3) Which systems need protection? With an understanding of business risk in relation to cyberattack, it’s time to turn your attention to those systems which need protection: “Your company can’t mount an effective cyberdefense if it doesn’t know what it needs to protect.”
This phase of strategy formulation is about auditing your IT systems for vulnerability. Ask operational staff – from engineers to customer support staff and the people using the systems – what would happen if those systems failed? What would the impact be? Where are those systems?
“The inventory should note the physical locations of the systems so that cyber incident-response staffers know where to go to fix things.”

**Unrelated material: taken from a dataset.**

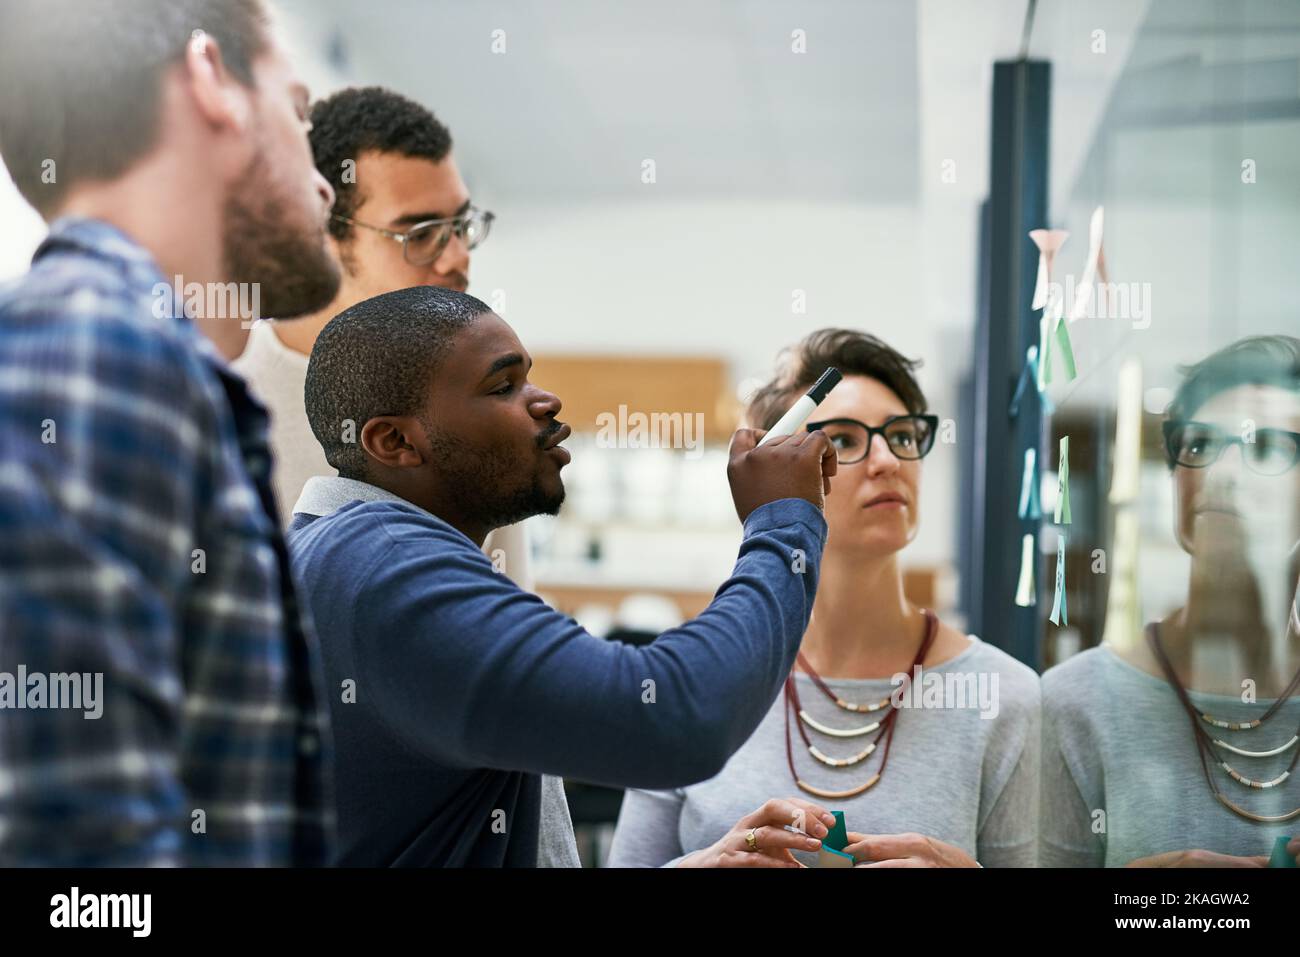 Putting big plans into place then action. a group of designers brainstorming with notes on a glass wall in an office. Stock Photo

There are myriad methods attackers could deploy to bring your systems down – you can’t know them all individually, but you can categorise them. Your cyber-security staff should understand the types of attacks likely from external hackers using malware to internal sabotage by disgruntled employees and work to protect business critical systems from such attacks.
4) How might an attack be successful? After a South-East-Asian bank fell foul of a massive debit-card fraud, its investigation revealed the attackers knew the Visa and Mastercard authorisation code format; that they had procured access to terminals and a database of debit card account numbers; and that they coordinated with local merchants who were complicit in the attack. This is the kind of information you need to acquire before you’re attacked.
What knowledge do attackers need to make their attack a success? From password crackers to laptops and radio transmitters, what hard and software tools would they need? And where would attackers need to be? The bank hackers needed local accomplices, but they could launch their strike without entering the bank themselves.
Understanding what skills, knowledge, technology and access an attacker needs to deploy in order to launch a successful attack is vital to building up your cyber defences
5) What will the consequences of attack be? Ask a series of “What if…” questions. What would happen, for example, “to the provision of care if a hospital’s patient records were no longer accessible because of a ransomware attack?” In the wake of Wannacry, in the NHS’s case, it was the cancellation of thousands of appointments and operations. Knowing how an attack might affect your core activities enables you to plan workarounds.
Every firm which has fallen foul of a successful cyber attack has the opportunity to benefit from the lessons afforded by hindsight. Preparing a security strategy that treats the cyber threat as a business risk rather than simply an IT problem, gives you the tools you need to discover and resolve vulnerabilities before attacks get the chance to exploit them.